Youngblood podał długoterminowy odsetek wyleczeń wynoszący około 95% dla wad obustronnych przy zastosowaniu podejścia brzusznego. Shull i współpracownicy podali 93% odsetek wyleczeń po 1,6 roku, gdy zastosowano podejście przezpochwowe.
Zawieszenie szyi pęcherza moczowego
Alternatywnym podejściem, które również leczy defekt boczny i wysiłkowe nietrzymanie moczu, jest zawieszenie szyi pęcherza moczowego na 4 rogach. Procedura ta, stosowana tylko w cystocele stopnia 2 i 3, wykorzystuje 2 zestawy szwów podwieszających obustronnie, z proksymalnymi szwami podwieszającymi umieszczonymi na poziomie więzadeł kardynalnych. W średniej 2-letniej obserwacji 98% pacjentów było wolnych od cystocele, a 94% pozostawało w ciągłości. Miyazaki i Miyazaki odnotowali jednak 60% odsetek nawrotów cystocele, gdy procedura 4-kątna była wykonywana w przypadku dużych cystocele. Ostatnio zaczęto stosować podwieszanie 6-kąta; procedura ta obejmuje chustę na ścianach pochwy z dodatkowym zestawem szwów na więzadłach kardynalnych. Nie opublikowano wskaźników wyleczenia cystocele po tej procedurze.

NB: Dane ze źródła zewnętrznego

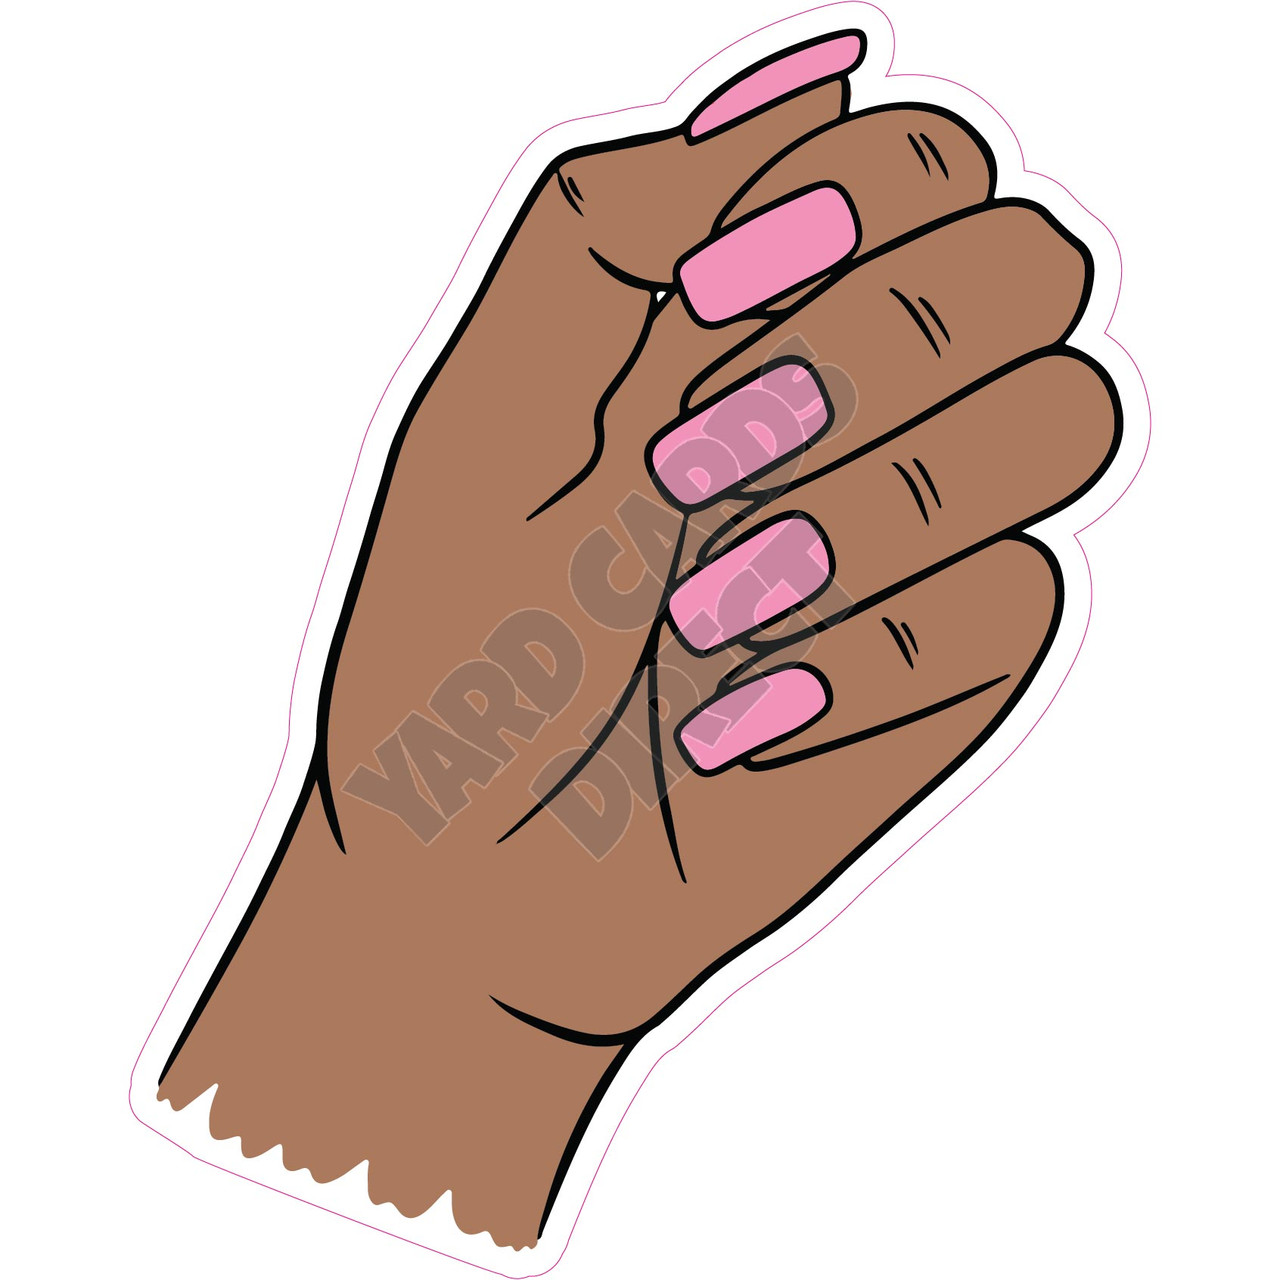 55 Nail Colors That Are Especially Gorgeous on Dark Skin

W przypadku cystocele stopnia 4 opisano procedurę łączącą podwieszenie 4-kątne opisane powyżej i standardową kolporfafię przednią. Po upływie średnio 34 miesięcy odnotowano 90% odsetek wyleczeń cystocele. Ostatnio procedura ta została wyparta przez zmodyfikowaną metodę slingu pochwowo-ściennego i kolporfafii przedniej z użyciem siatki Dexon (Davis & Geck, Manati, Puerto Rico). Ta połączona metoda, zastosowana u 52 pacjentek, dała 95% wskaźnik utrzymania moczu i 92% wskaźnik wyleczenia cystocele w okresie obserwacji od 6 do 24 miesięcy.